A confermare le parole del Ministro anche Greenpeace Russia, ma anche un esperto italiano. “La nube verde rilevata a Mosca, se fosse confermato trattarsi di un denso agglomerato di polline di betulla, costituirebbe un evento relativamente raro ma assolutamente naturale”, ha sottolineato Massimo Triggiani, Presidente della Società Italiana Allergologia e Immunologia Clinica. “Le betulle sono alberi piuttosto alti (anche 30 metri), molto diffusi nel Nord Europa ed in Russia. Il loro periodo di pollinazione è relativamente precoce e va da marzo a maggio. I pollini di betulla possono essere trasportati dal vento anche a lunghissime distanze. Nelle zone dove gli alberi sono molto diffusi ed in certe condizioni in cui la pollinazione risulta particolarmente abbondante ed improvvisa come, ad esempio, avviene quando le temperature si alzano all’improvviso dopo un periodo di abbondanti piogge, è possibile che possano avvenire fenomeni come quello descritto nelle periferia di Mosca”.
 
Un allarme dunque che non riguarda tutta la popolazione,ma sicuramente che potrebbe preoccupare i soggetti allergici. “I pollini di betulla sono considerati altamente allergizzanti e sono tra i principali responsabili di allergie respiratorie nel Nord Europa”, ha spiegato ancora Triggiani. “In Italia, le allergie causate dalla betulla, in particolare la rinite, la congiuntivite e l’asma, sono in progressivo aumento negli ultimi anni. Si stima che attualmente il 15% della popolazione del Nord Italia sia sensibilizzata alla betulla. Il rischio di una improvvisa ed abbondante pollinazione di questi alberi è soprattutto quello di innescare delle reazioni allergiche anche molto severe con sintomi nasali (naso chiuso, starnuti, prurito lacrimazione) e difficoltà respiratoria di particolare gravità” (leggi il Dossier Allergie su Quotidiano Sanità).

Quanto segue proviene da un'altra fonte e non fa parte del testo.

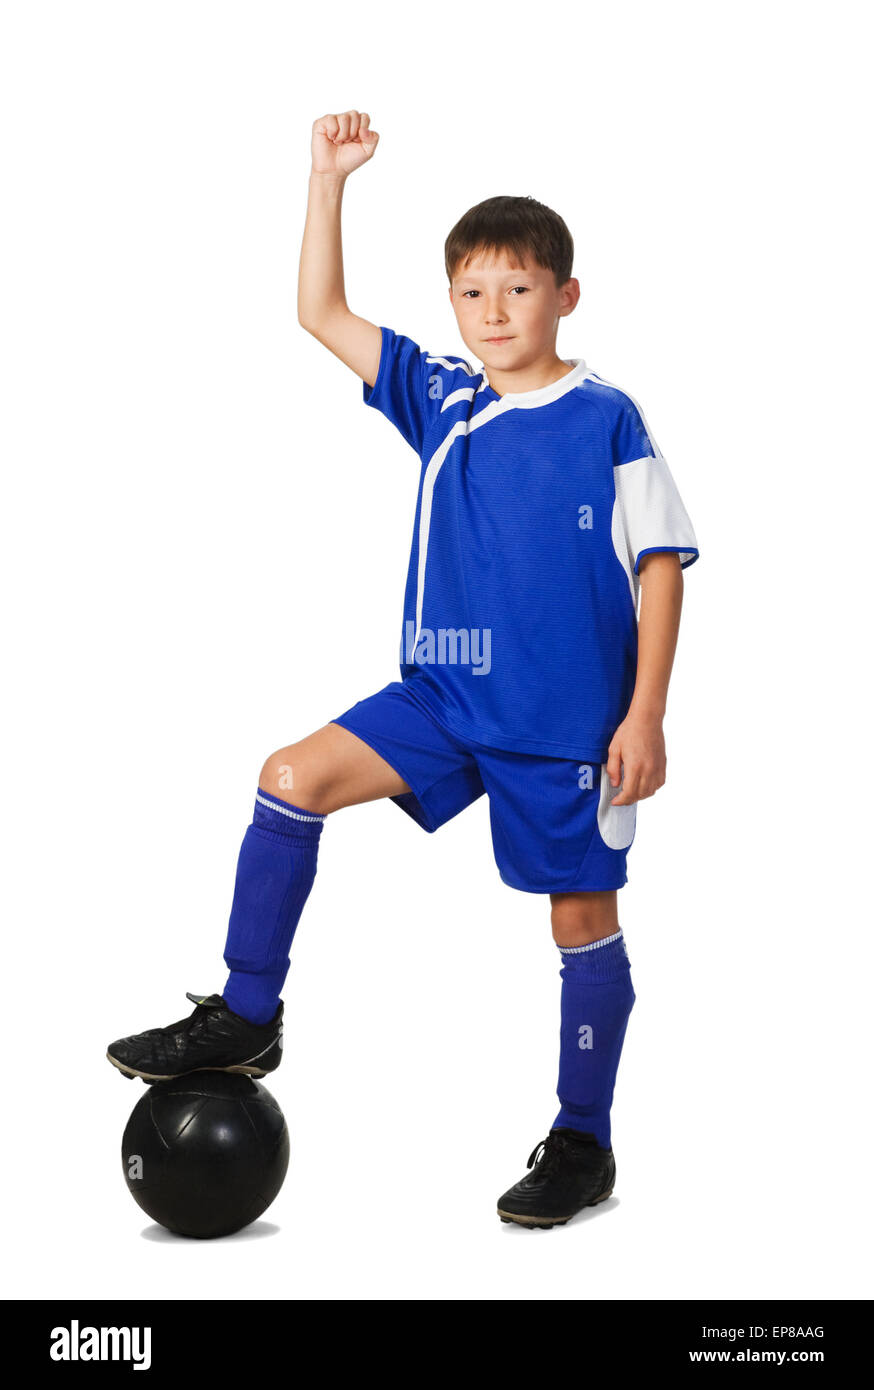 Un jeune garçon joueur de football en uniforme bleu isolated on white Banque D'Images

Tuttavia, per fortuna, la possibilità che si verifichi un evento del genere nel nostro paese è si piuttosto bassa. “In Italia, per le particolari condizioni climatiche, la betulla cresce ad altitudini superiori ai 900 metri ed è diffusa soprattutto sull’arco alpino e sulla dorsale appenninica. Negli ultimi anni, tuttavia, questi alberi sono stati introdotti sempre più nelle nostre città come elemento ornamentale dell’arredo urbano”, ha commentato il presidente Siaic. “Questo ha fatto sì che i pollini di betulla siano ormai abbondanti nel periodo di pollinazione anche nelle aree urbane soprattutto del Nord Italia. Tuttavia, la quantità limitata di betulle nelle aree urbane e le condizioni climatiche, più miti e con cambiamenti meno repentini di temperature, rendono un fenomeno come quello registrato a Mosca un evento molto poco probabile, anche se non impossibile, nel nostro Paese”.